[Data extracted from a collection]
--*--

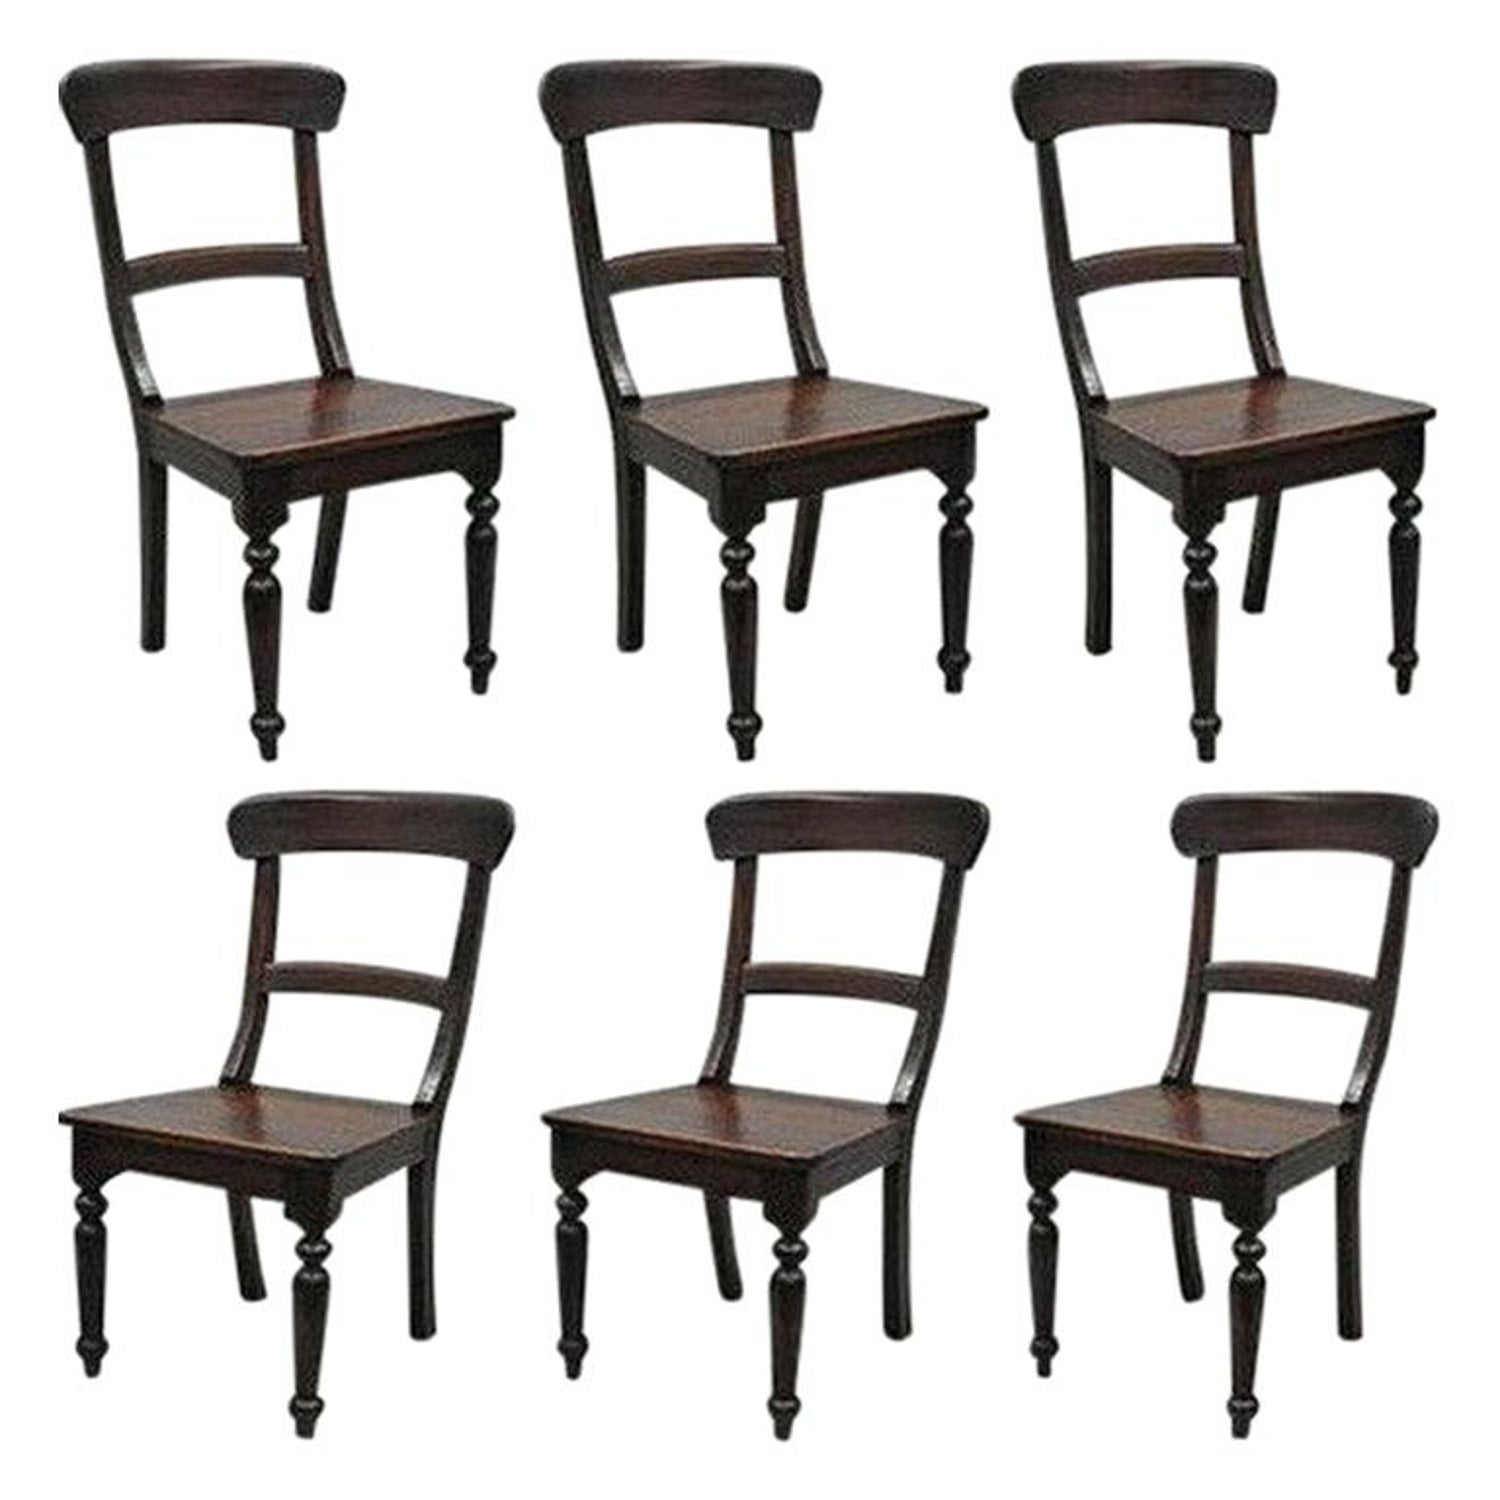 Barrel Back Dining Chairs 13 For Sale On 1stdibs
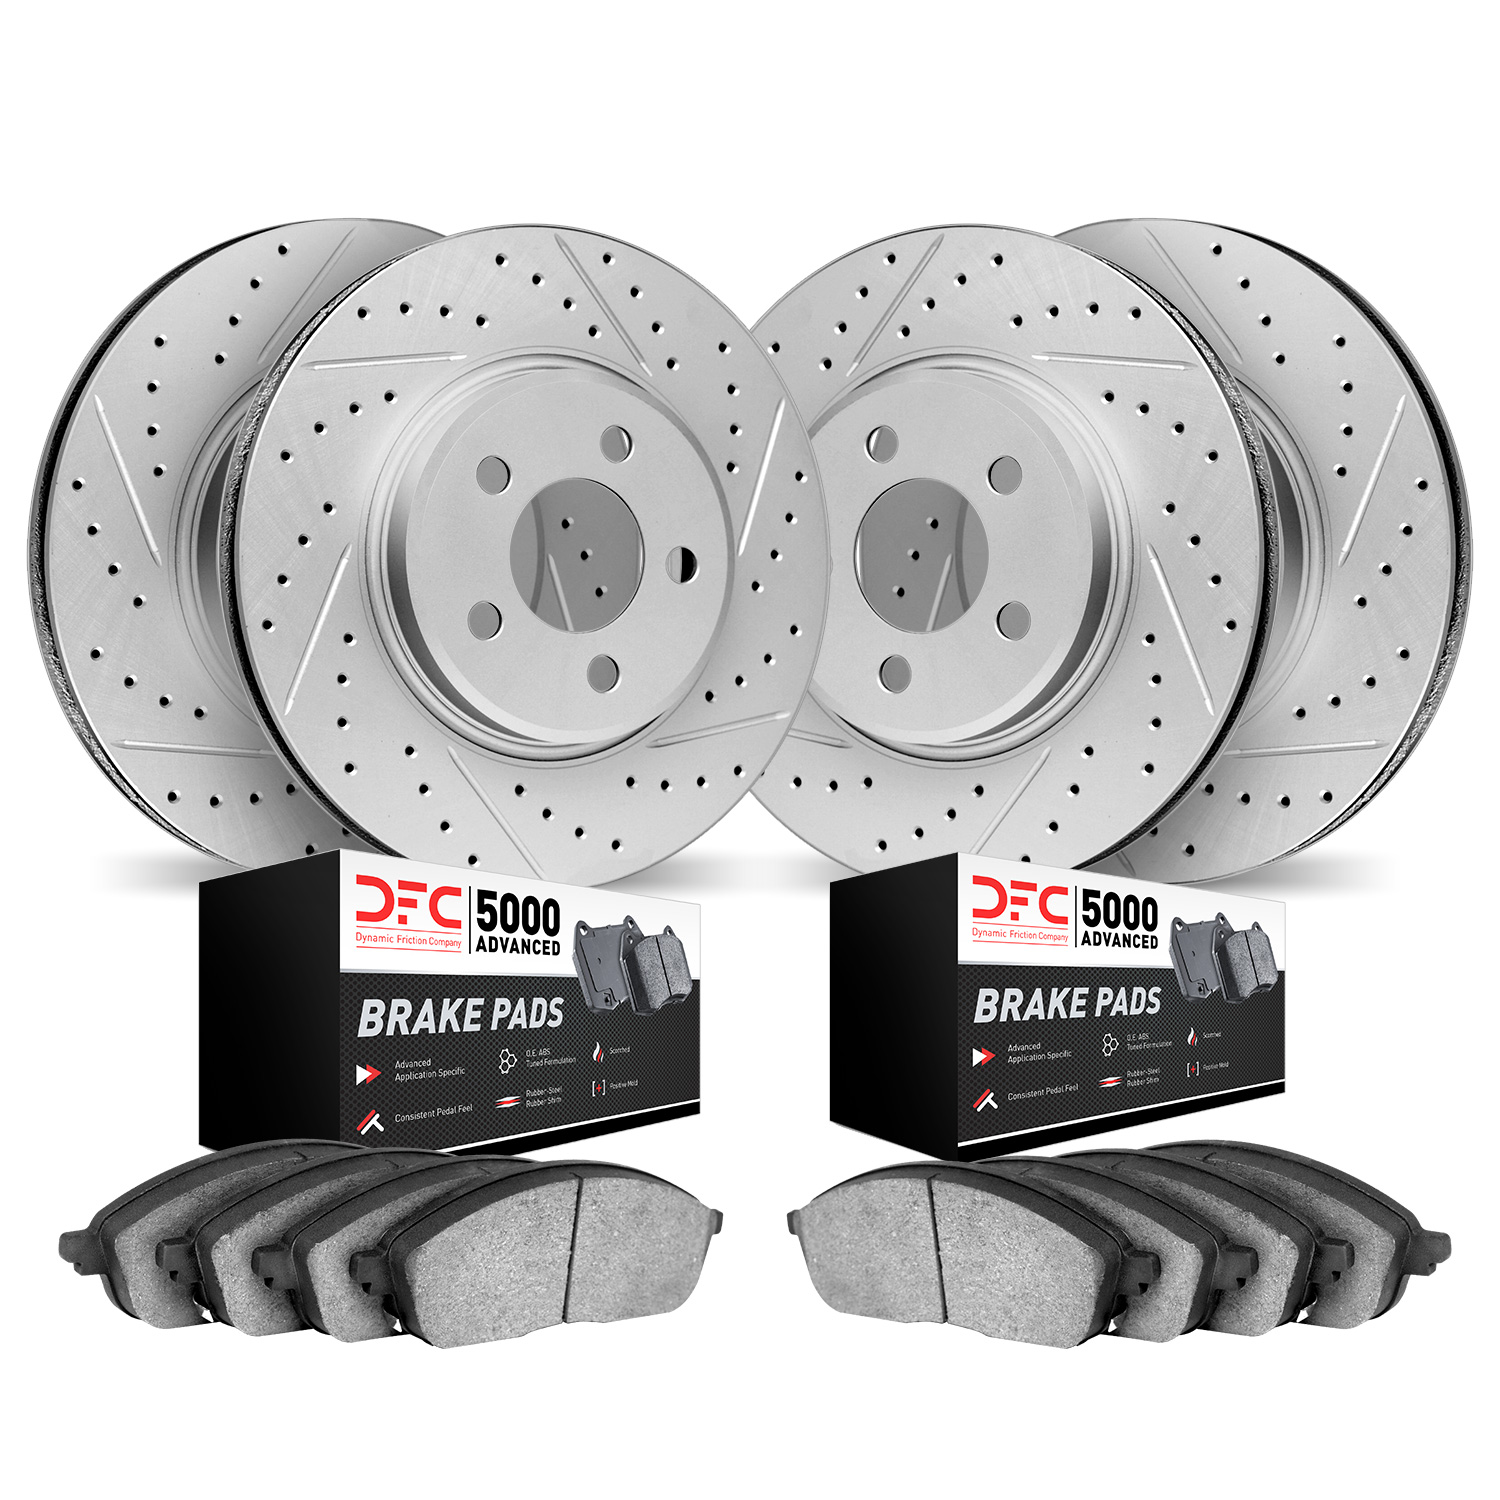 2504-54313 Geoperformance Drilled/Slotted Rotors w/5000 Advanced Brake Pads Kit, 2013-2016 Ford/Lincoln/Mercury/Mazda, Position:
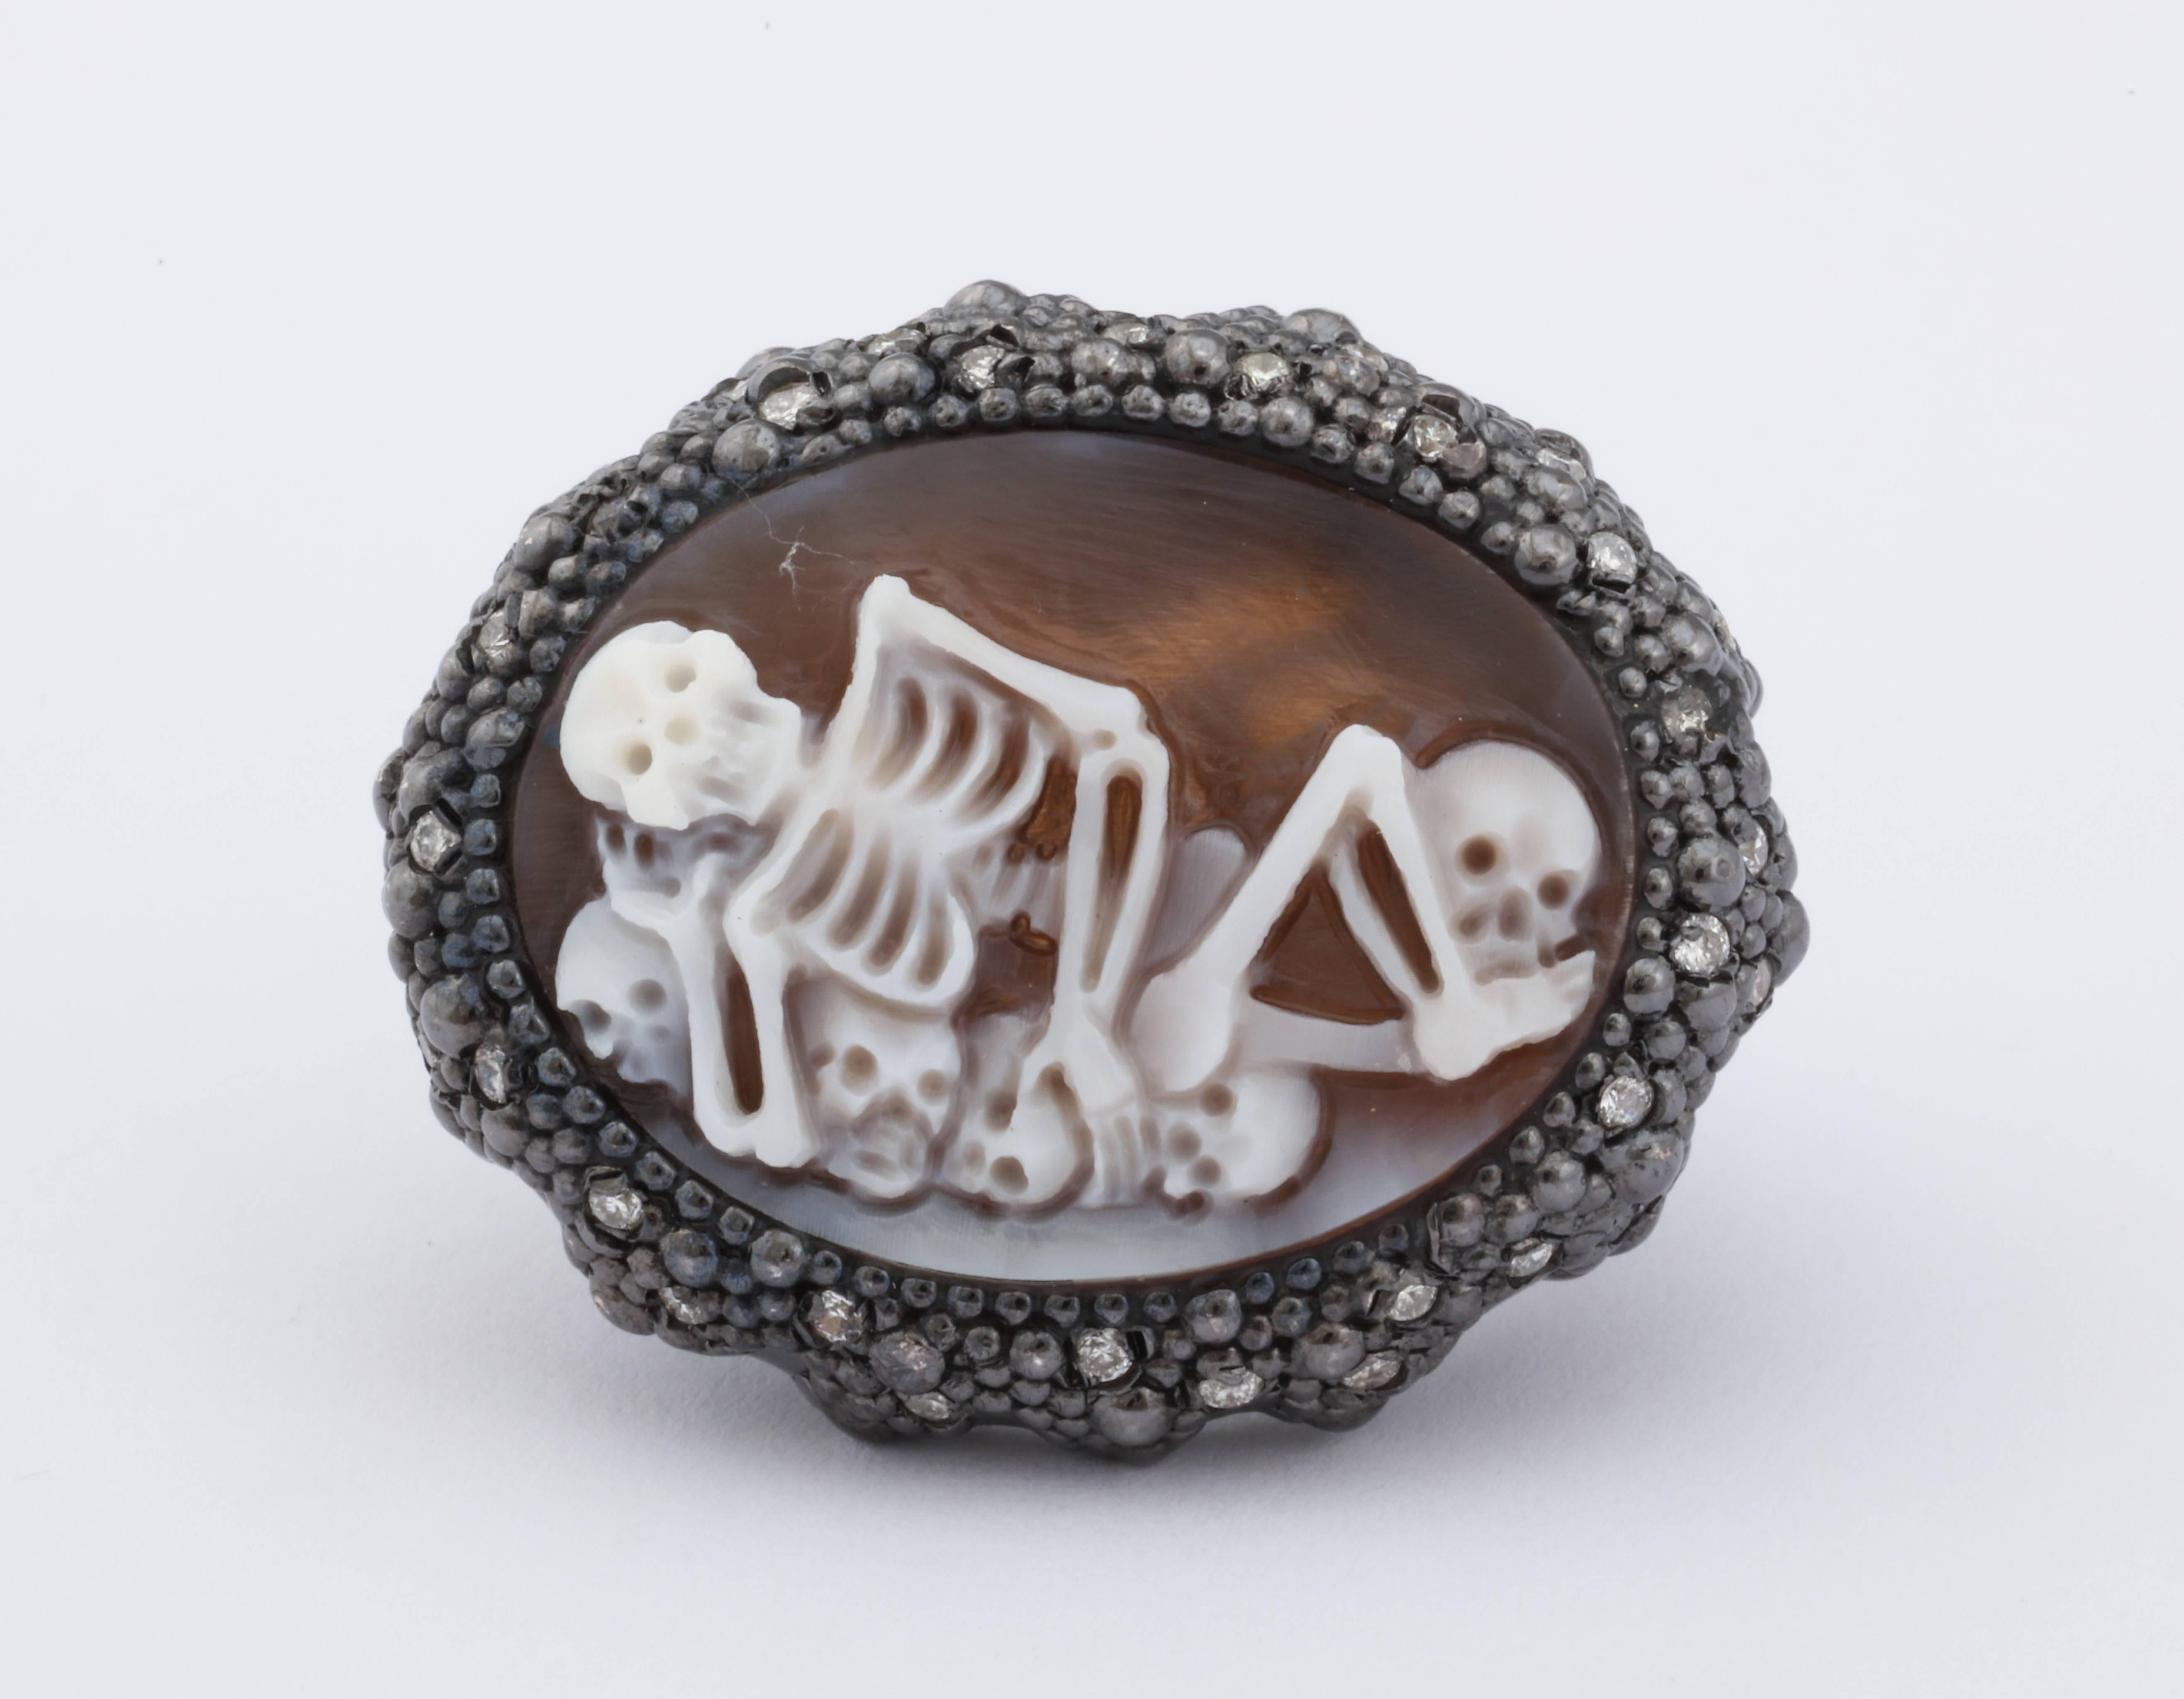 25mm sardonyx shell cameo hand-carved, set in sterling silver black rhodium plated ring with white diamonds.
Ring Size: US6

*Being these are hand crafted one of a kind designs, not all ring sizes might be immediately available. We offer custom

--*--

Instructions for the task
Print again, exactly, the lines of the records above from the first line through the line with "25mm sardonyx shell". No pictures.

Answer
 Barrel Back Dining Chairs 13 For Sale On 1stdibs
 2504-54313 Geoperformance Drilled/Slotted Rotors w/5000 Advanced Brake Pads Kit, 2013-2016 Ford/Lincoln/Mercury/Mazda, Position:
 25mm sardonyx shell cameo hand-carved, set in sterling silver black rhodium plated ring with white diamonds.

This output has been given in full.